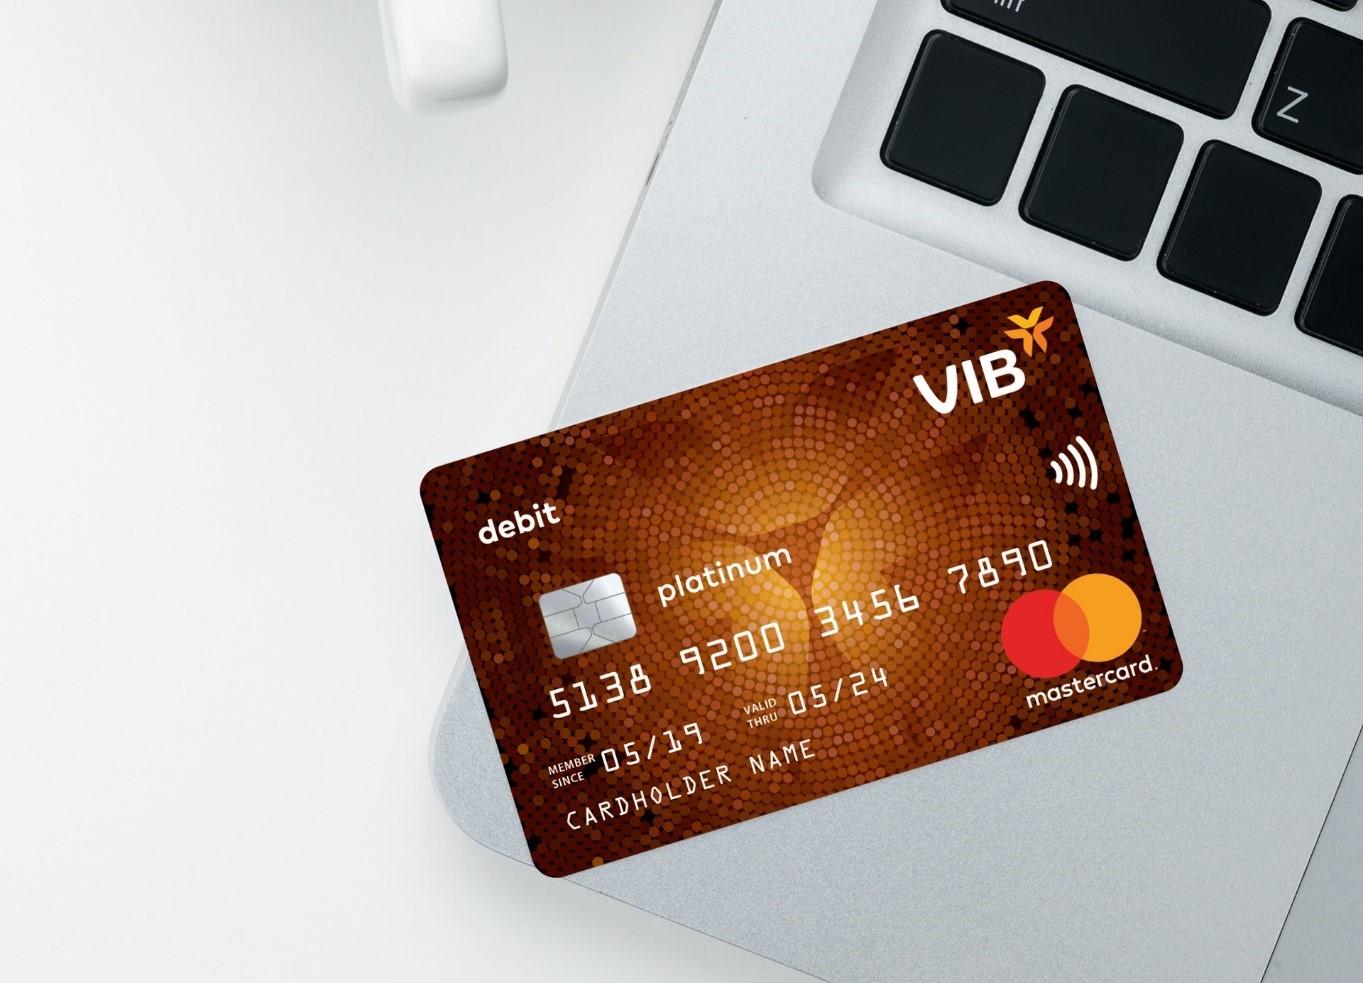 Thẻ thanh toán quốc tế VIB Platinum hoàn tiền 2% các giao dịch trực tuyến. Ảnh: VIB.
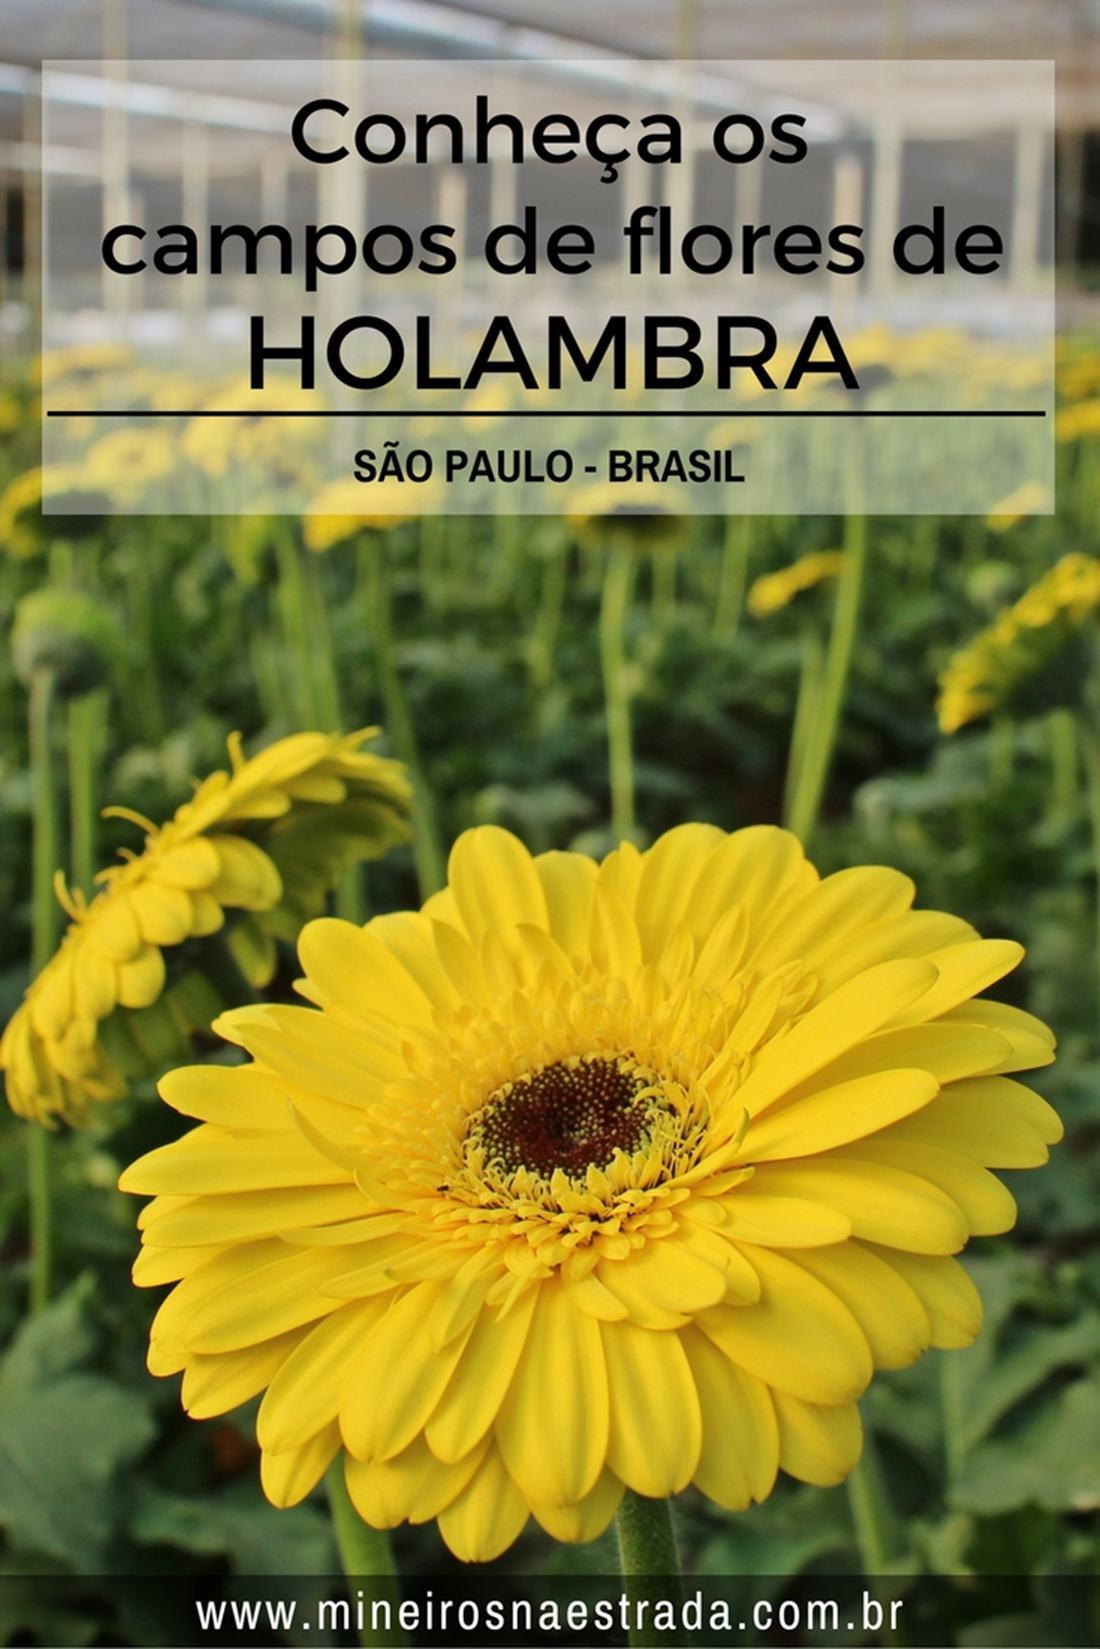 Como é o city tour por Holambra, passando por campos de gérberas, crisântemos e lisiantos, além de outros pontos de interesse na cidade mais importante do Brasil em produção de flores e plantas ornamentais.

--

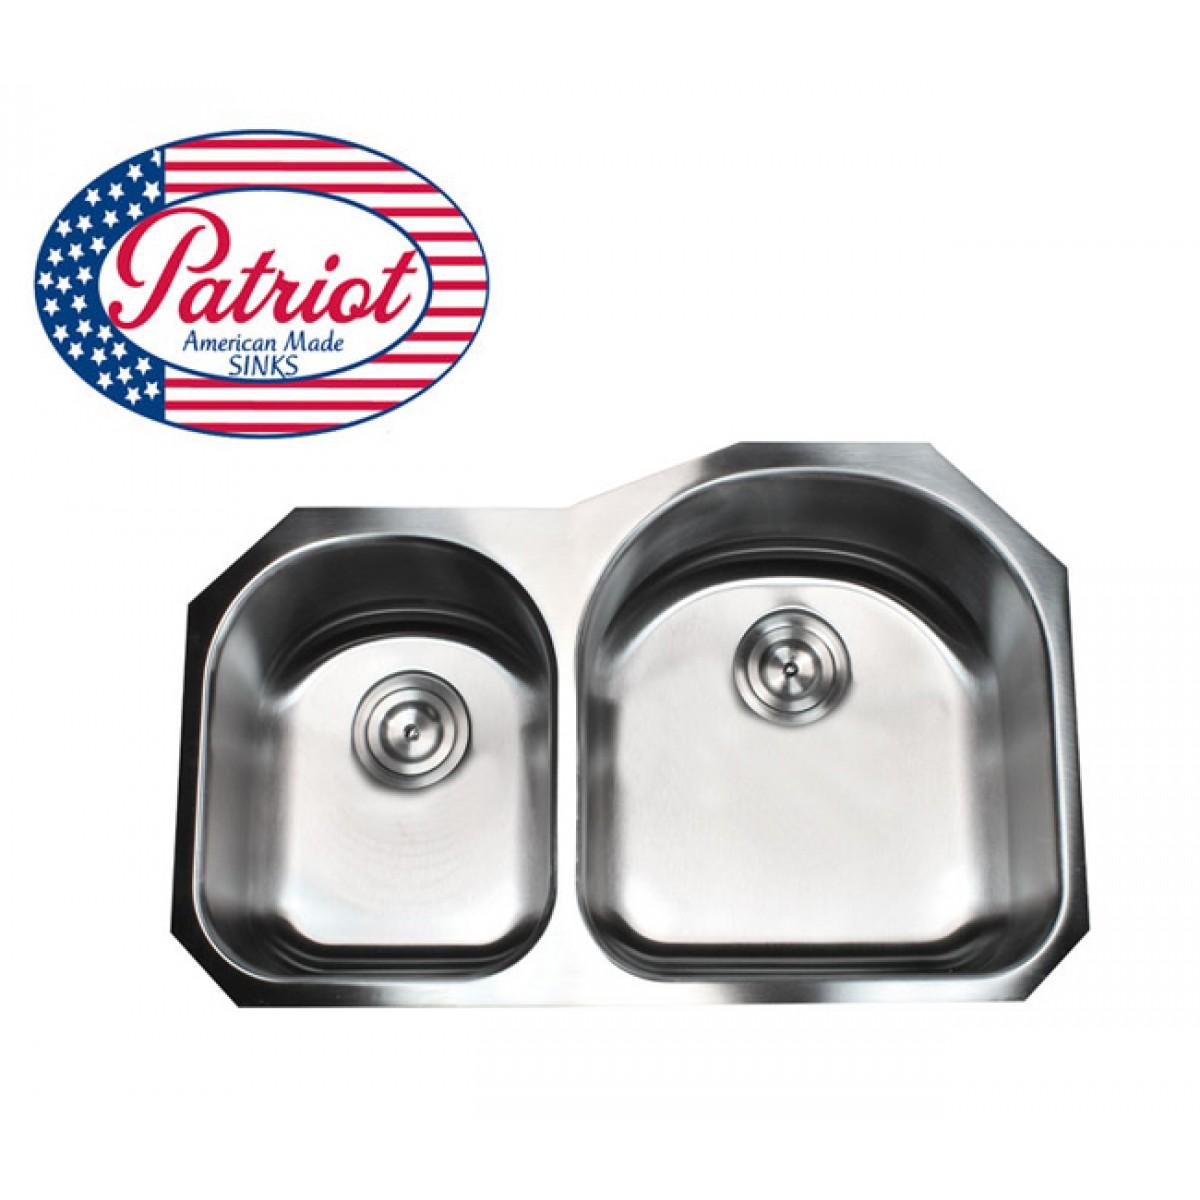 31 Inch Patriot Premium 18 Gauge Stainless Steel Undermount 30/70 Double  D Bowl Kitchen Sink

* * *

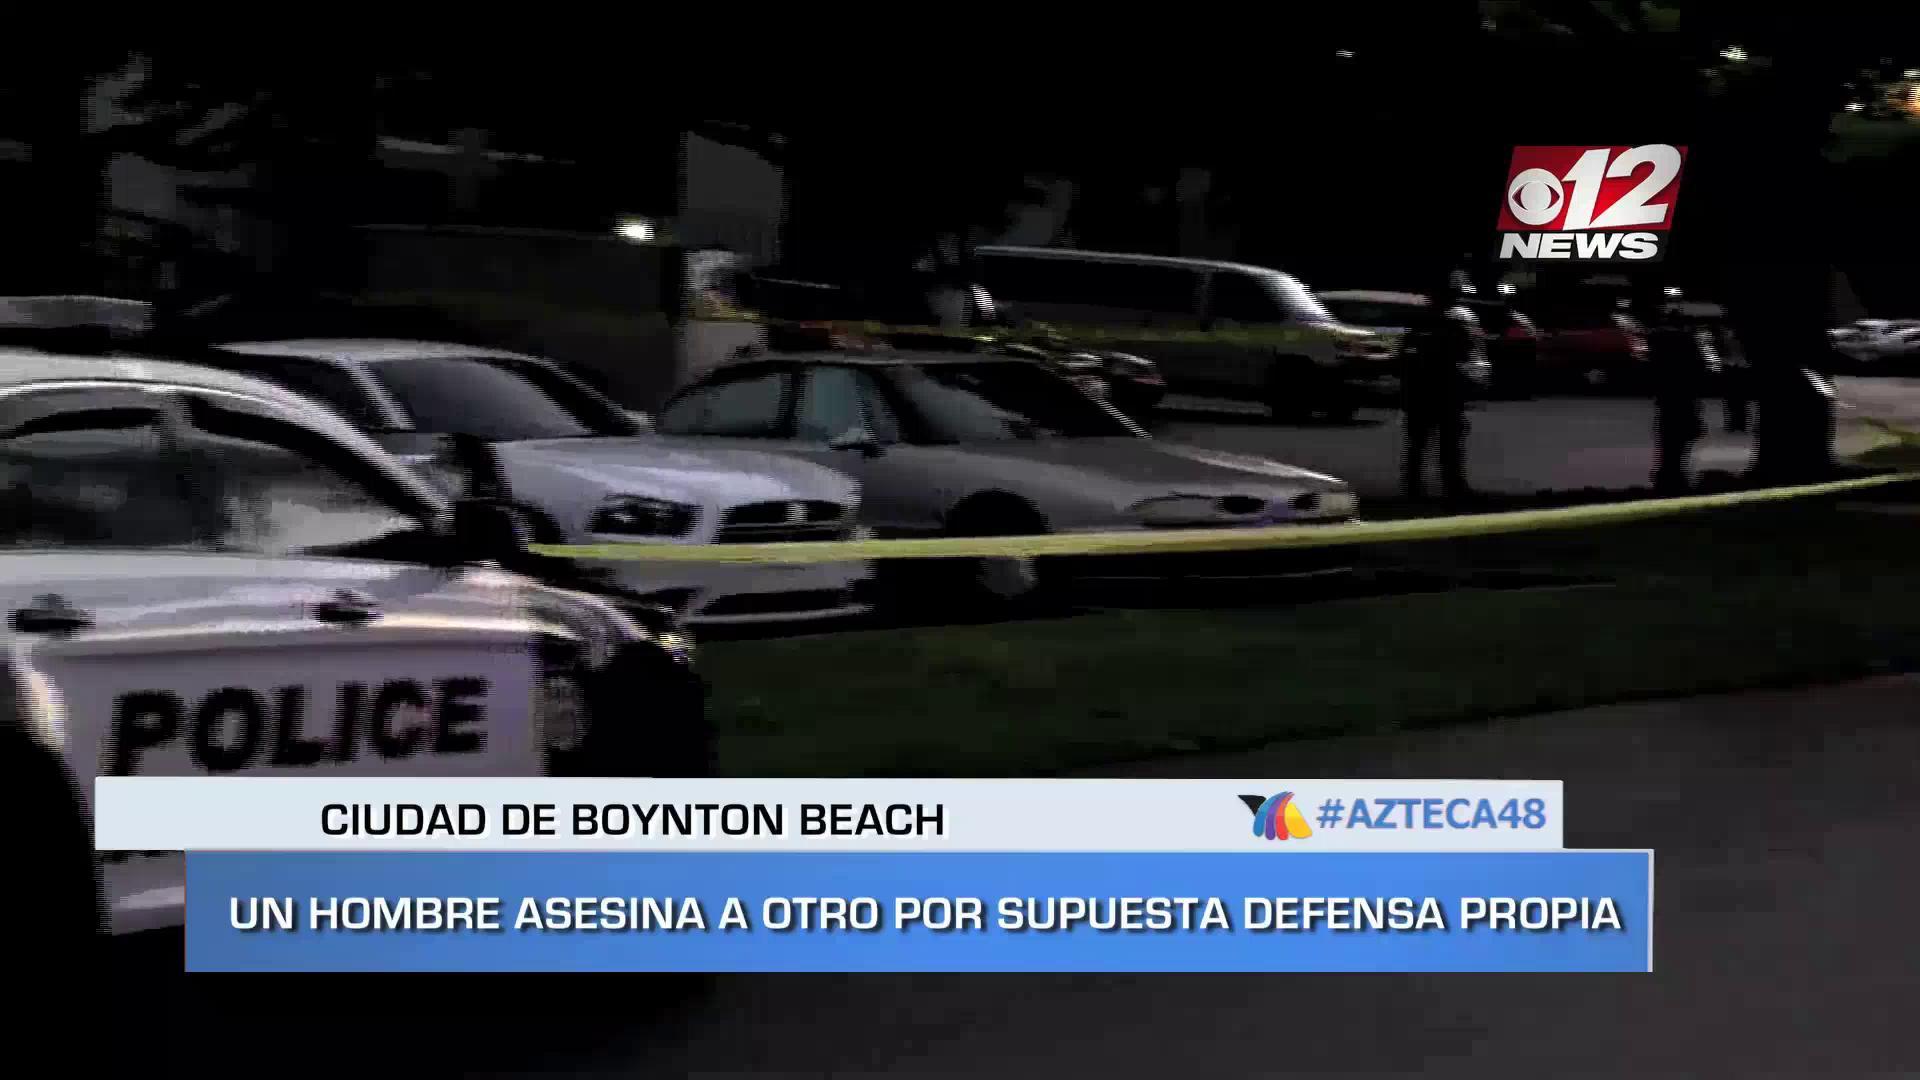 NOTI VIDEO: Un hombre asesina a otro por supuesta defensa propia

● **About this exercise**
Would you transcribe the lines above exactly, going from the line bearing "Thẻ thanh toán" through the line bearing "Como é o city", and drop the pictures from the copy?

● **Exercise response**
 Thẻ thanh toán quốc tế VIB Platinum hoàn tiền 2% các giao dịch trực tuyến. Ảnh: VIB.
 Como é o city tour por Holambra, passando por campos de gérberas, crisântemos e lisiantos, além de outros pontos de interesse na cidade mais importante do Brasil em produção de flores e plantas ornamentais.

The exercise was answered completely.